--- START ---
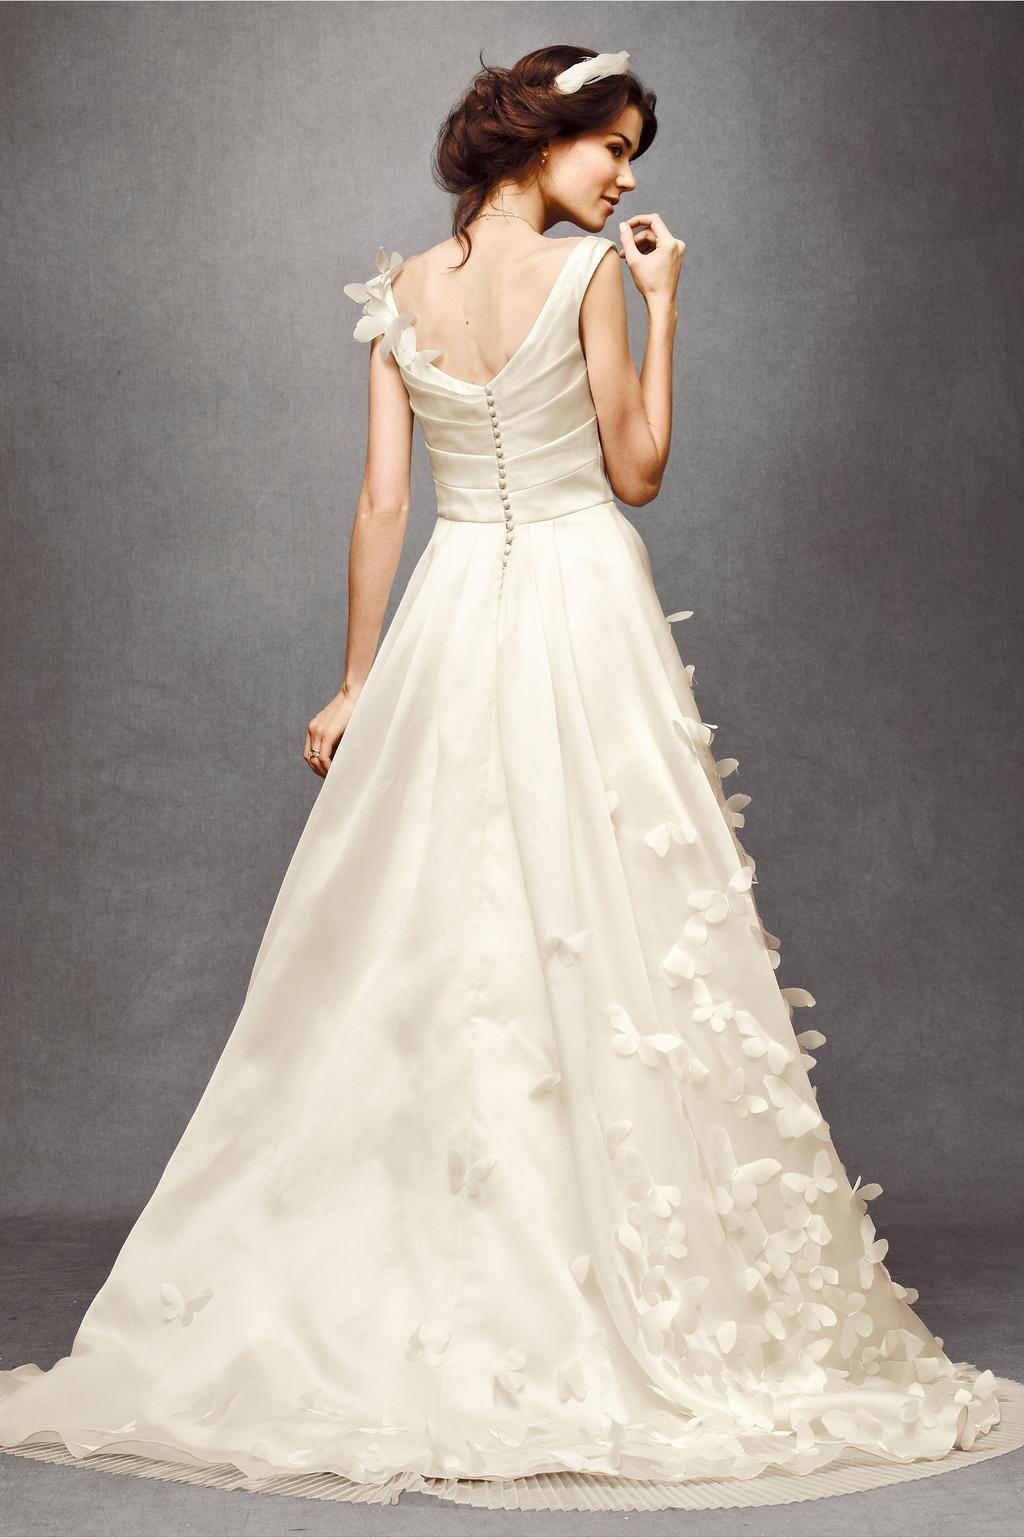 Ethereal-monarch-2011-wedding-dress-bhldn-a-line-ivory-v-neck-back.full
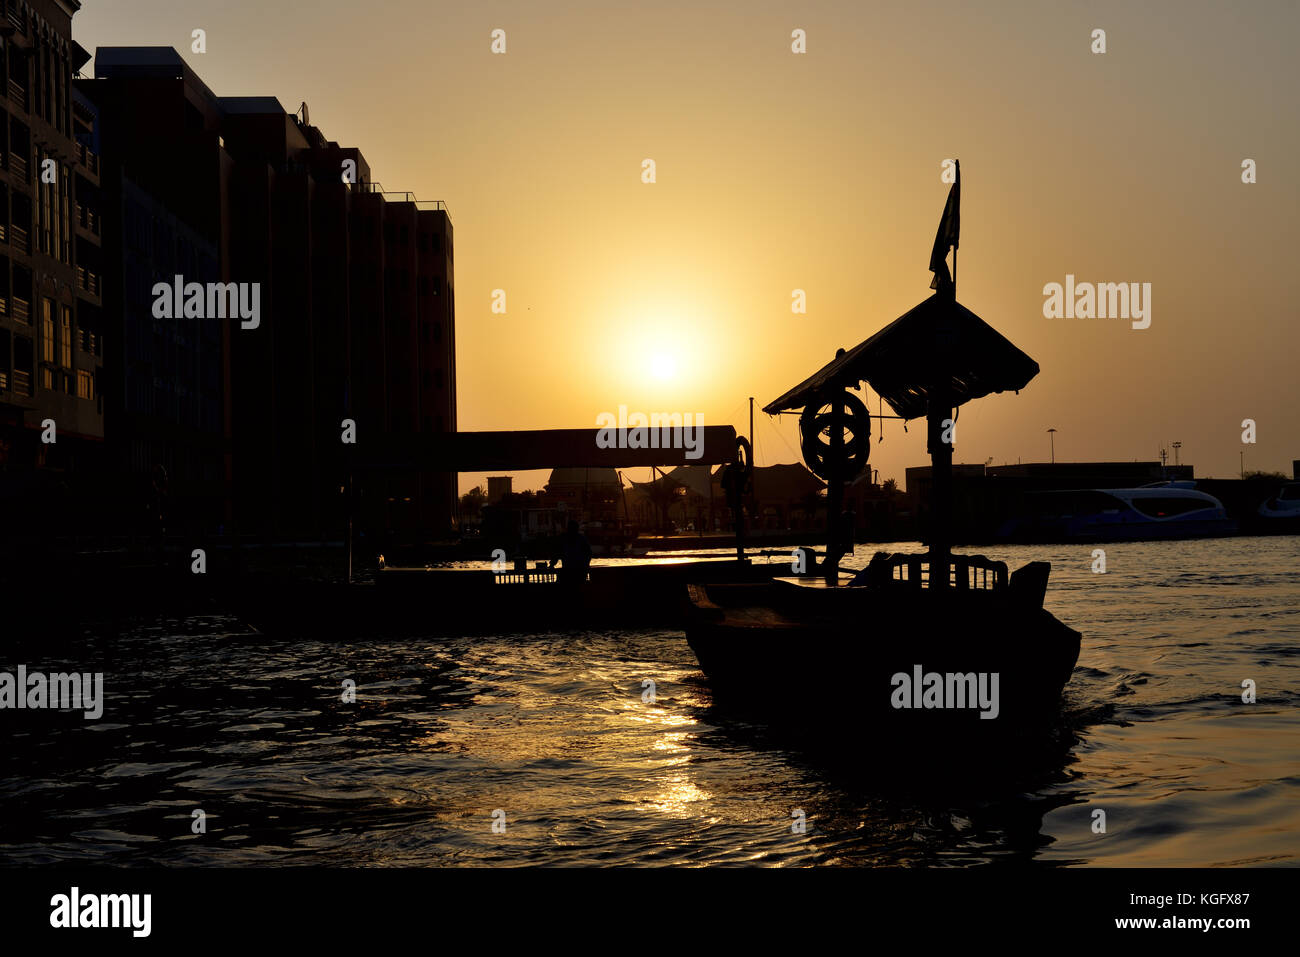 DUBAI, UAE - SEPTEMBER 10: The traditional Abra boat in
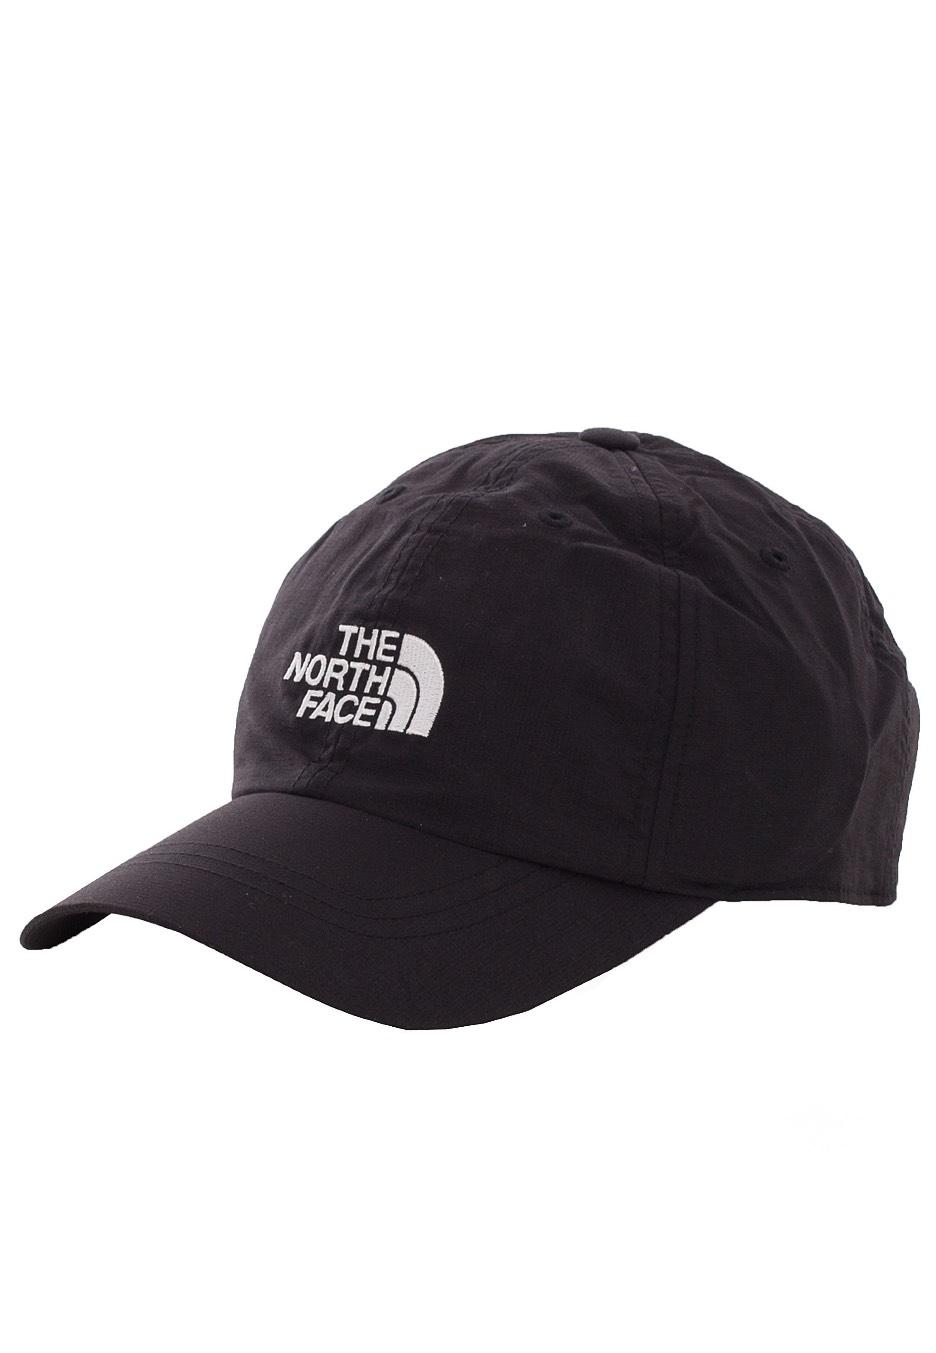 The North Face - Horizon Black - Caps
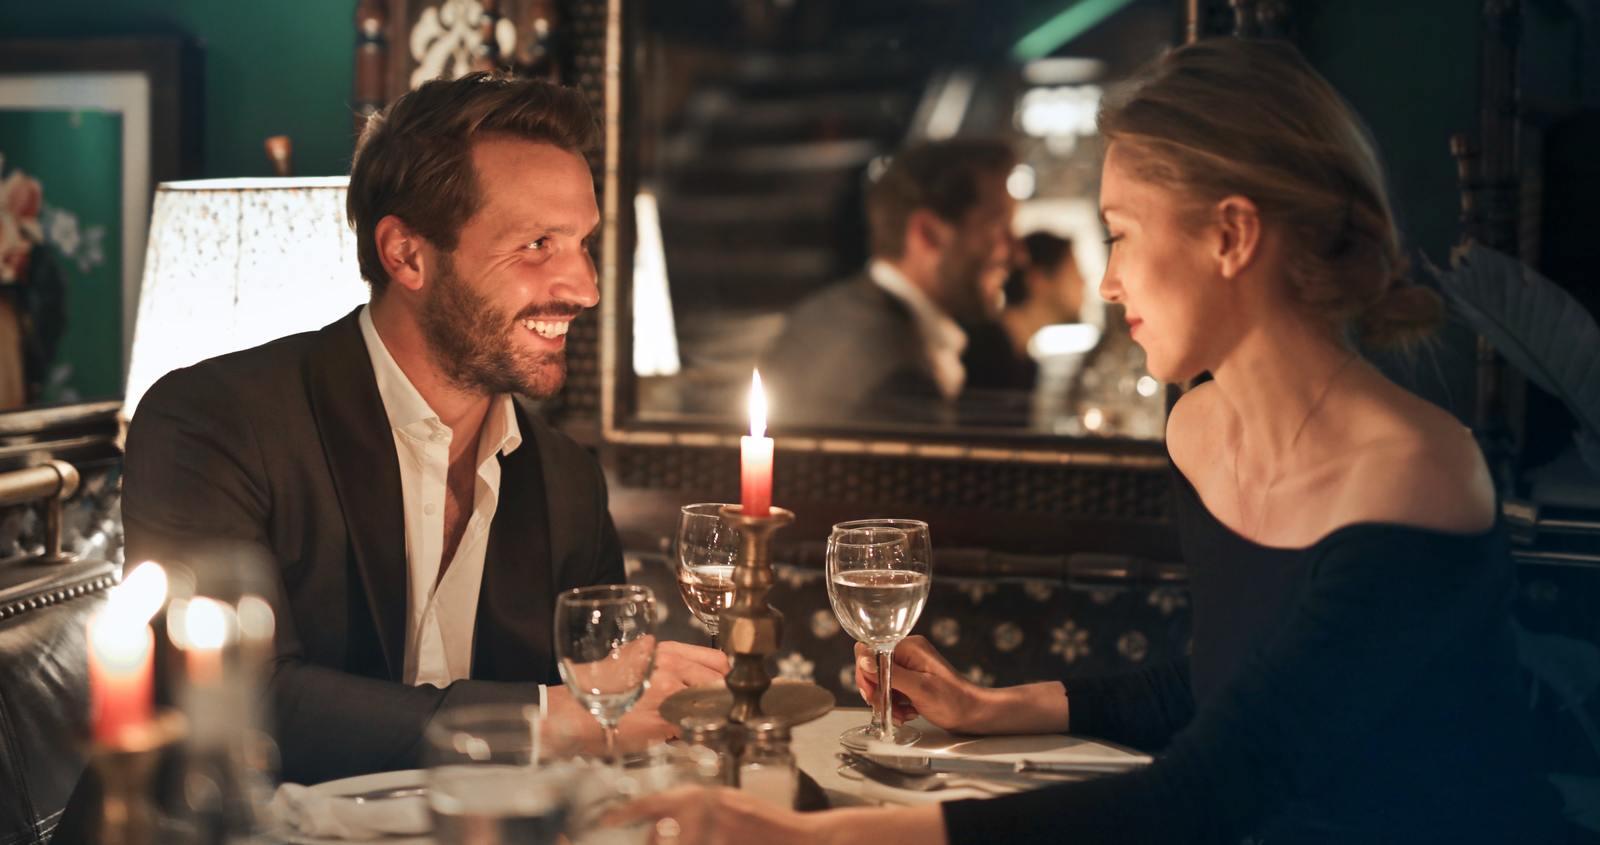 Things to Consider When Choosing a Romantic Restaurant – Greenvale Farm
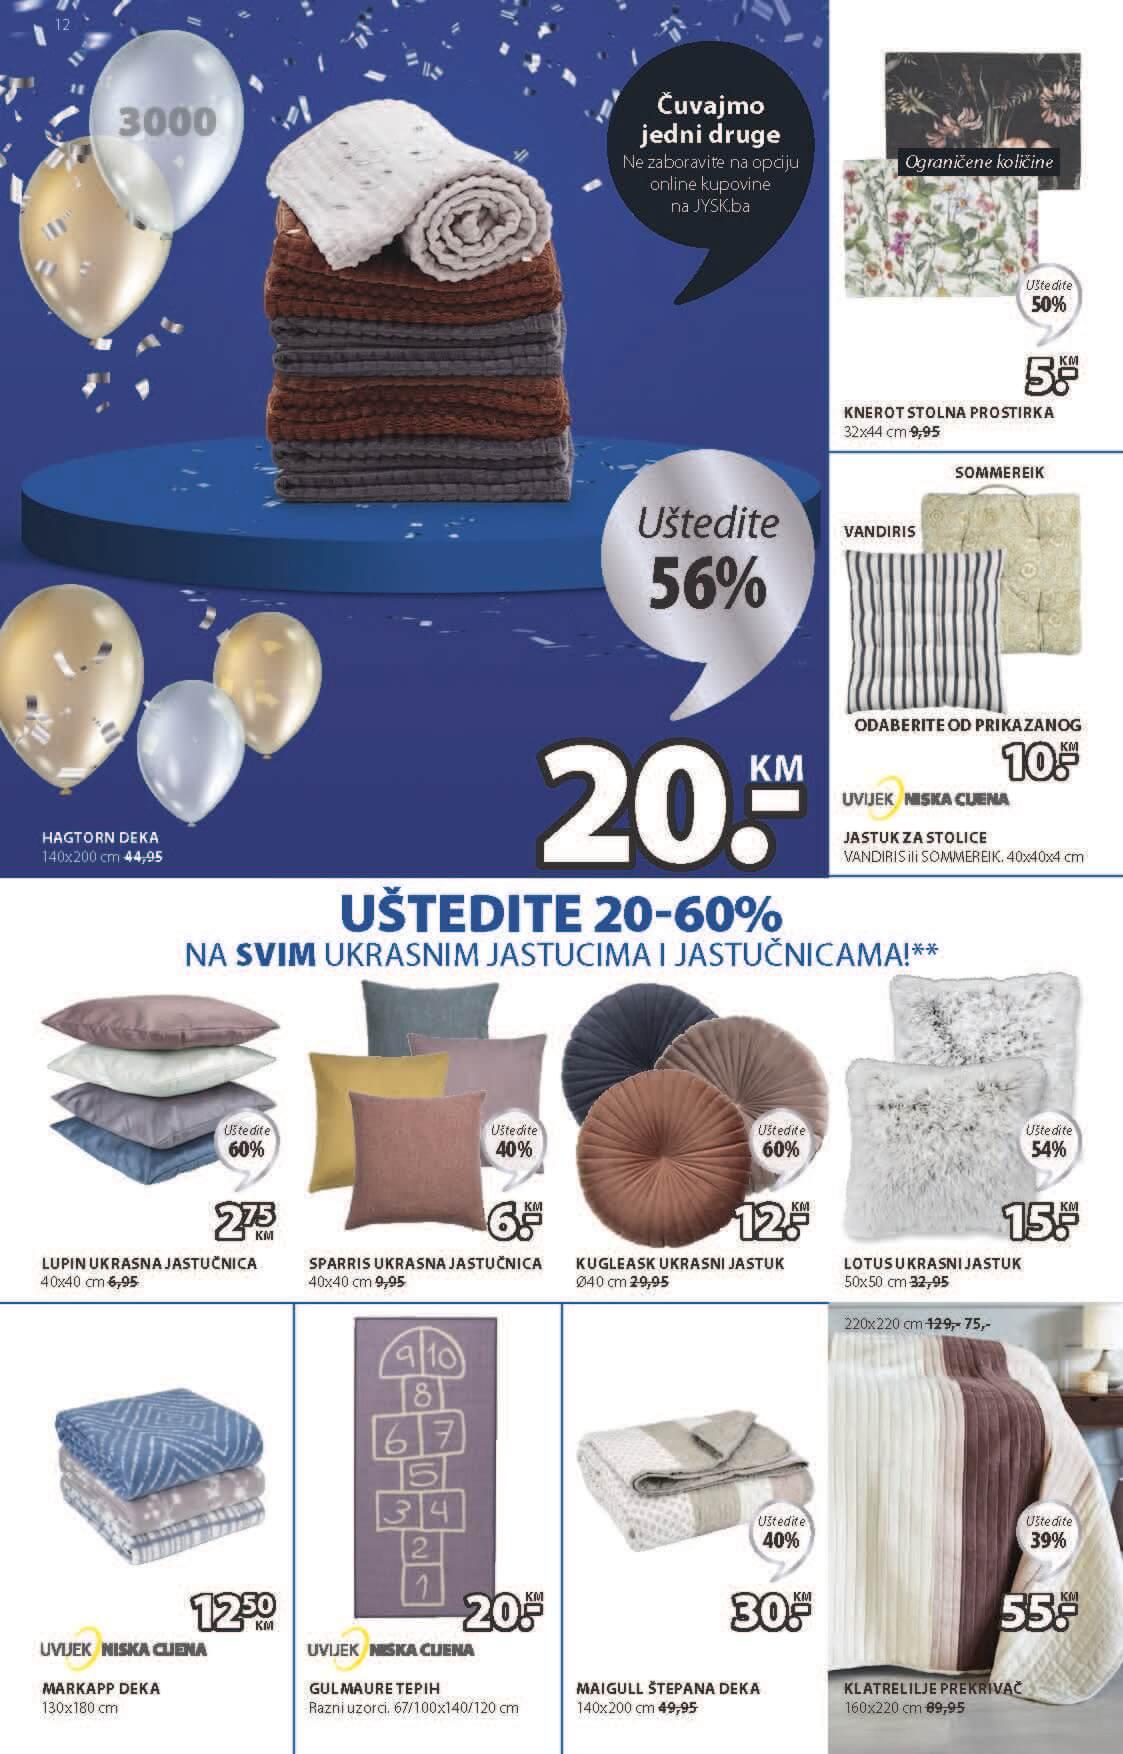 JYSK Katalog Akcijska ponuda MAJ 13.05.2021. 26.05.2021 ekatalozi.com Page 13
--- END ---
> **How to complete this task**:
Leave the pictures out, and print every line of the listing exactly as written.

> **Output for this exercise**:
 Ethereal-monarch-2011-wedding-dress-bhldn-a-line-ivory-v-neck-back.full
 DUBAI, UAE - SEPTEMBER 10: The traditional Abra boat in
 The North Face - Horizon Black - Caps
 Things to Consider When Choosing a Romantic Restaurant – Greenvale Farm
 JYSK Katalog Akcijska ponuda MAJ 13.05.2021. 26.05.2021 ekatalozi.com Page 13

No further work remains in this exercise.